Premium vs Enterprise Tier

Databricks offers Premium and Enterprise tiers. The per-DBU rate is the same for both tiers on most clouds. The difference is in features, not unit pricing. Enterprise adds advanced security (customer-managed keys, HIPAA, FedRAMP), enhanced governance, and dedicated support.

CapabilityPremiumEnterprise
DBU ratesStandard published ratesSame rates (discount via commit)
Unity CatalogYesYes
Customer-managed keysNoYes
HIPAA / FedRAMPNoYes
Enhanced audit loggingBasicVerbose
Committed-use discountsAvailableBetter rates at scale
Support SLAStandardPremium + TAM

Most organizations start on Premium and move to Enterprise when compliance requirements demand it. See the Enterprise pricing page for negotiation details.

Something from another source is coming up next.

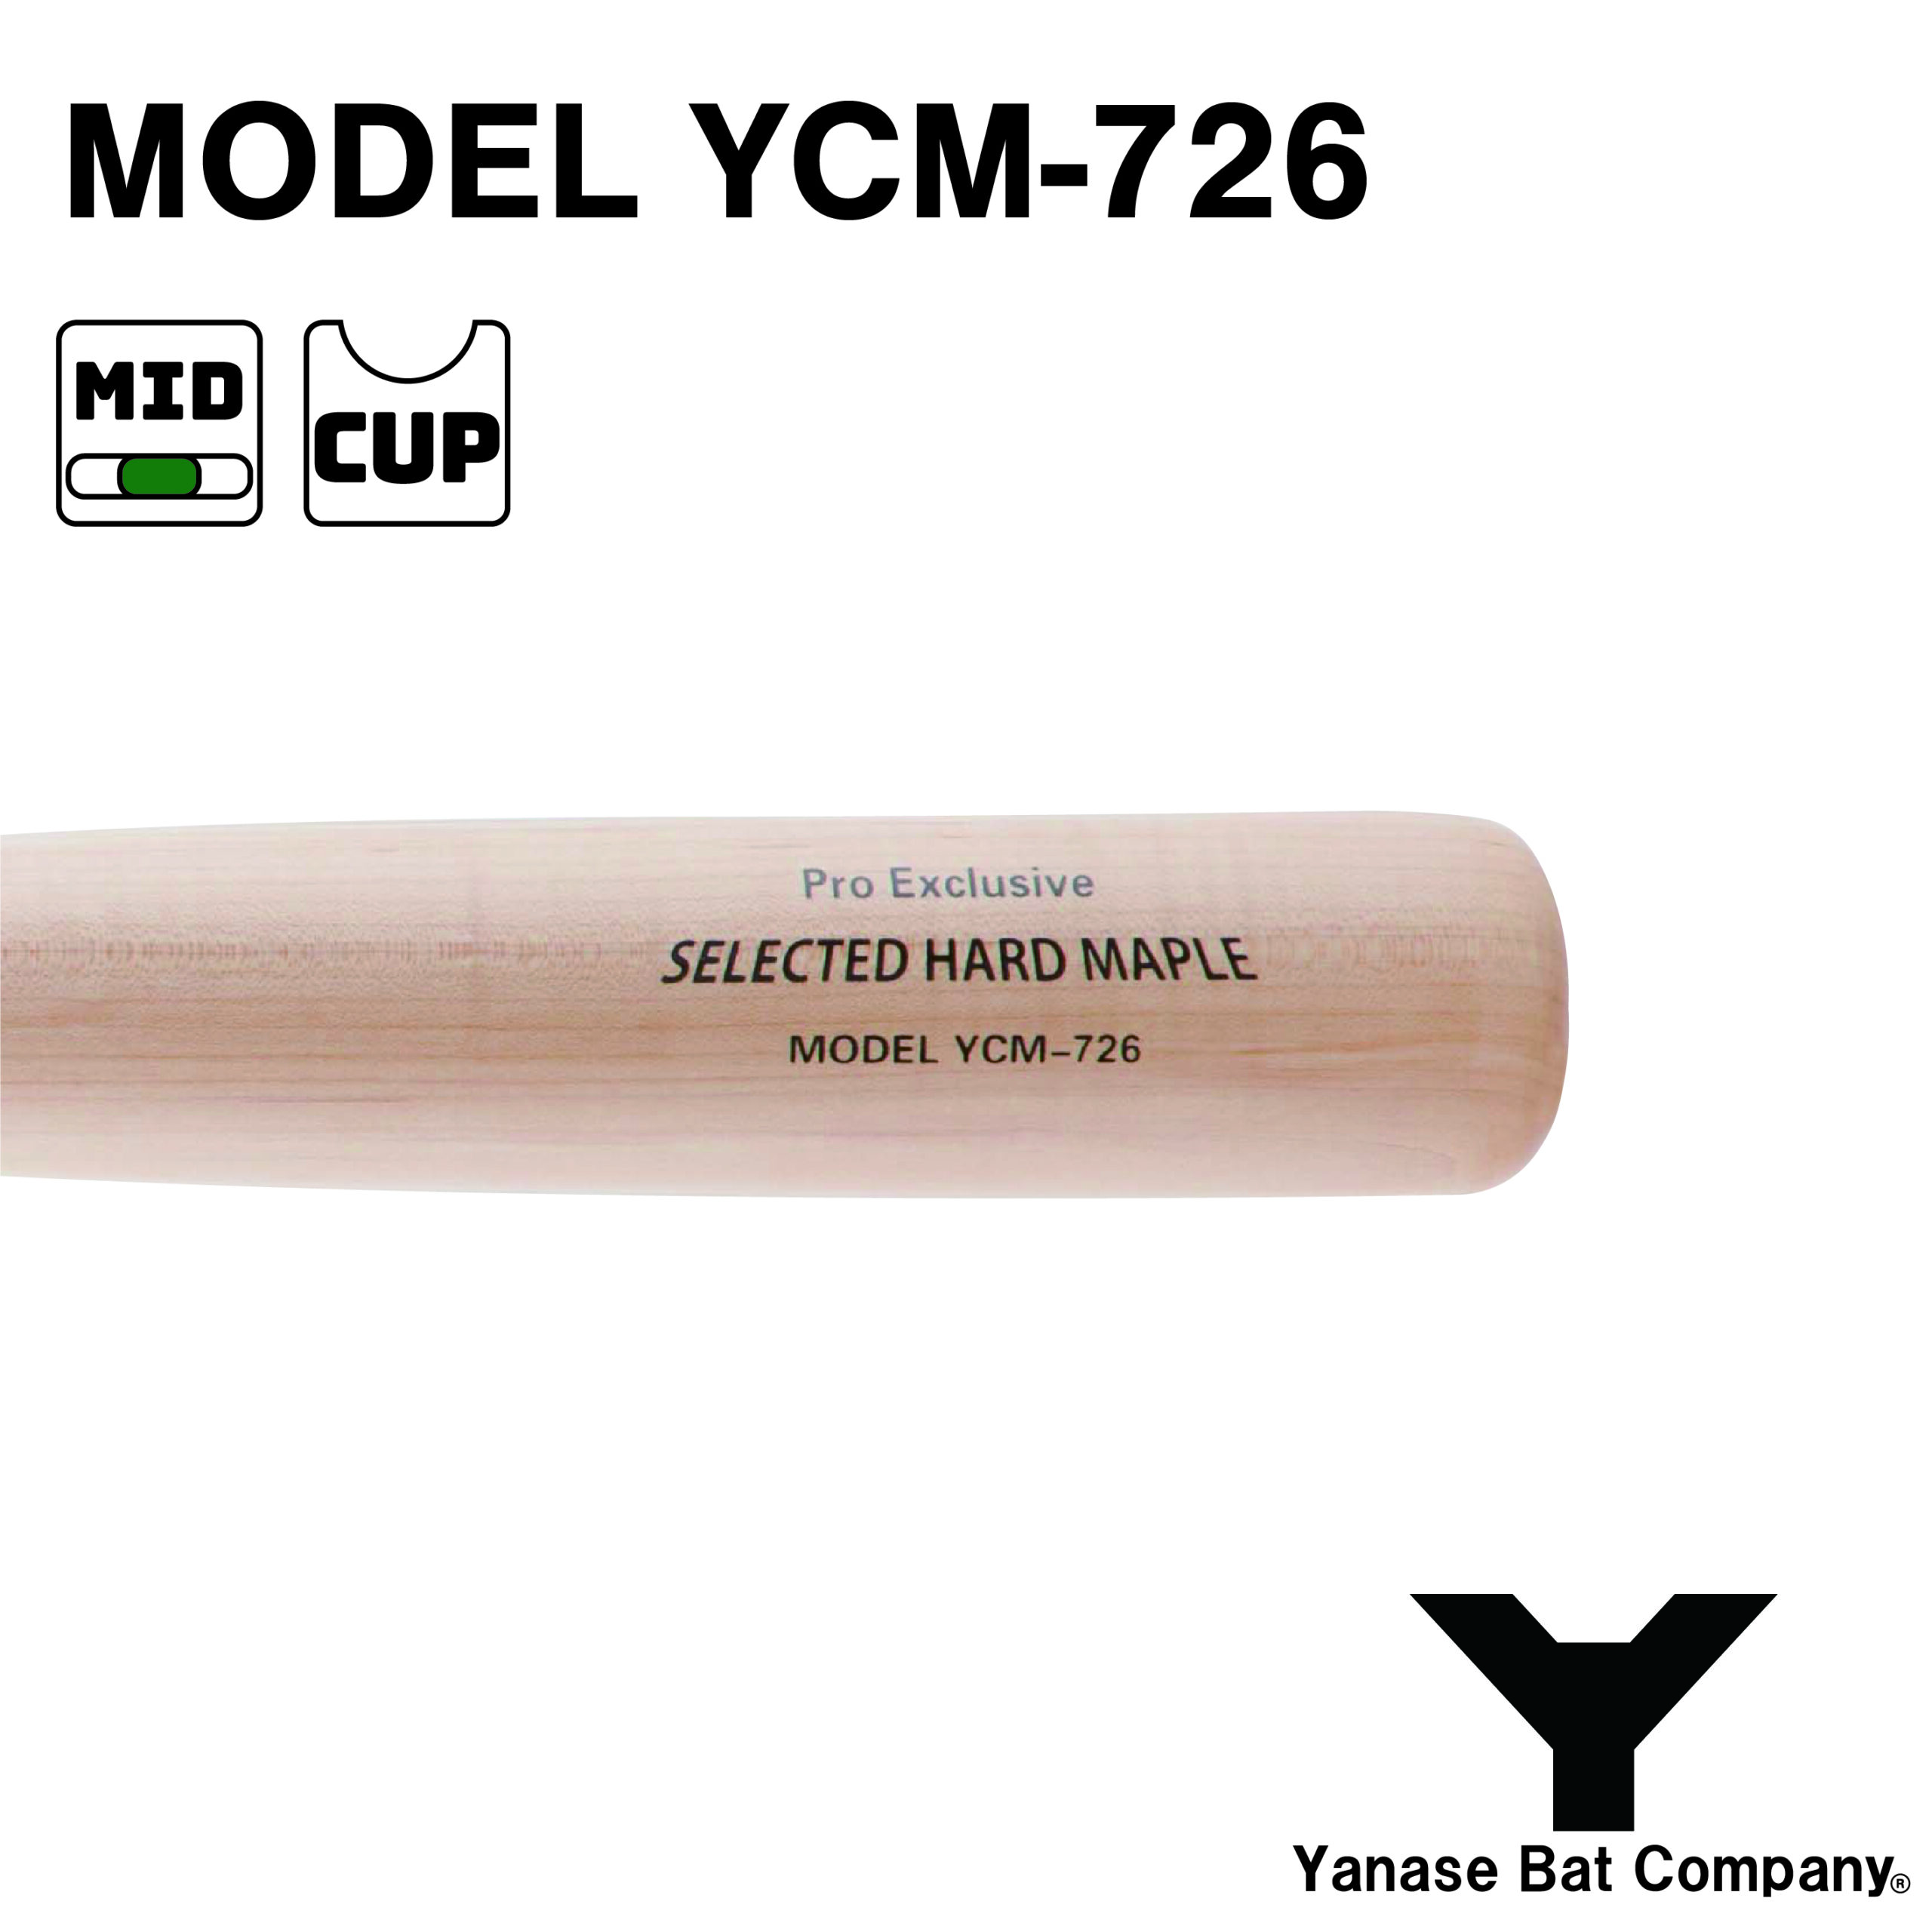 YCM-726 - YANASE BAT COMPANY

Frequently Asked Questions

What does DBU stand for?
DBU stands for Databricks Unit. It is a normalized unit of processing capability that measures compute consumption on the Databricks platform. Think of it as compute currency: different workloads consume DBUs at different rates, and each DBU type costs a different amount.
How are DBUs calculated?
DBU consumption depends on two factors: the instance type running your cluster and the workload type. Each instance type has a defined DBU-per-hour rate. For example, an i3.2xlarge on AWS consumes 2.0 DBU/hour for Jobs Compute. Your total DBU consumption is: DBU/hour per node x number of nodes x hours running.
Why do different workloads have different DBU rates?
Databricks charges different rates for different features and SLA levels. Jobs Compute at $0.15/DBU is cheapest because it runs non-interactive batch workloads. All-Purpose Compute at $0.40/DBU is more expensive because it supports interactive notebooks with immediate results. SQL Serverless at $0.70/DBU is highest because it includes the cloud compute infrastructure cost.
Is DBU pricing the same across AWS, Azure, and GCP?
No. Azure DBU rates are typically 10% to 30% higher than AWS rates for compute-intensive workloads (Jobs, All-Purpose, DLT). SQL rates are comparable across clouds. GCP rates are between AWS and Azure. Always check the cloud-specific pricing page for exact rates.